聽到這句的驚蟄腳步微頓,沒有答應也沒有不答應,徑直離開了。
剛剛驚蟄的心理很矛盾,因為霜降的死,其實對他的影響也非常大,尤其是最後對方赴死的時候。
是的,那把插進心口的刀,並不是驚蟄動的手,而是霜降自己乾的,甚至那時還有些迫不及待,像是即將迎接的不是死亡,而是天底下最大的幸福。
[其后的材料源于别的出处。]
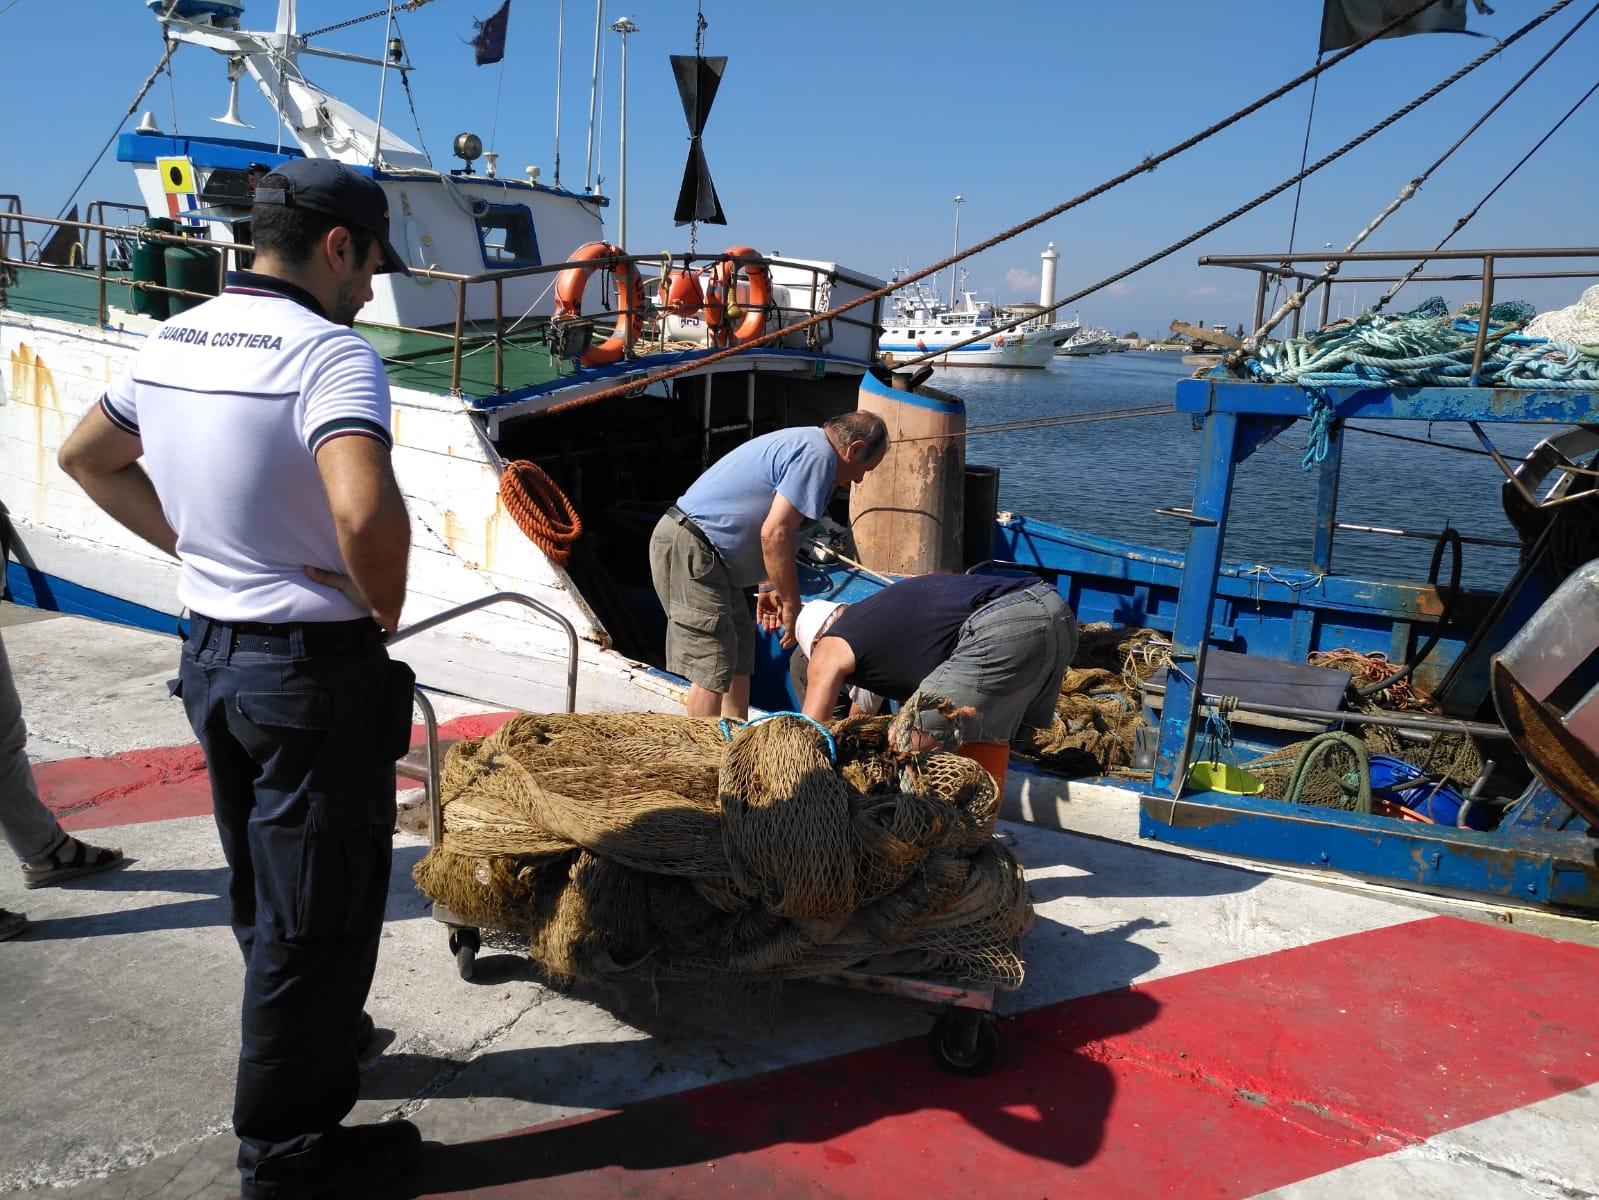 Guardia Costiera di Viareggio, controlli sulle attività di pesca: sequestri e sanzioni

那一幕總是讓驚蟄時常忍不住想,死亡興許不是什麼可怕的東西,它也許能夠了結一切。
可是每當想到自己即將知道自己父母消息的時候,驚蟄又會打破這個想法。
自己還不能死,至少,讓自己見一下父母。
懷著這種想法,驚蟄撐到從刑訊處罰的地方出來,然後一步一步地走向小雪所在的地方,他要去拿到自己的任務報酬。
「報酬?」
在房間裡不知道搗鼓著什麼實驗的小雪,聽到驚蟄的話,像是聽到了什麼天大的笑話。
「你生來就是棋子,為我做事是理所應當的,至於我之前說的話,不過是知道你被某個地方困住了,隨便拿來糊弄你的,現在你已經回來這裡,那件事就不重要了,反正你恐怕也回不去那裡了。」
小雪一邊說著,一邊推了推下滑的眼鏡,嘴角是陰險冰冷的笑。
「你騙我?」
「不然呢?」小雪聳聳肩,臉上笑容依舊,「實話告訴你,我也不知道你父母的情況,你來組織的時間太早,已經無從得知了。沒想到,就為了那麼一點消息,你就真的殺了霜降。」
「你就不怕我殺了你?」
驚蟄說話的時候雙手緊握成拳,一雙眼睛因為憤怒而染上血紅顏色,死死地盯著小雪,像是隨時要衝過去,讓對方為自己的錯誤買單。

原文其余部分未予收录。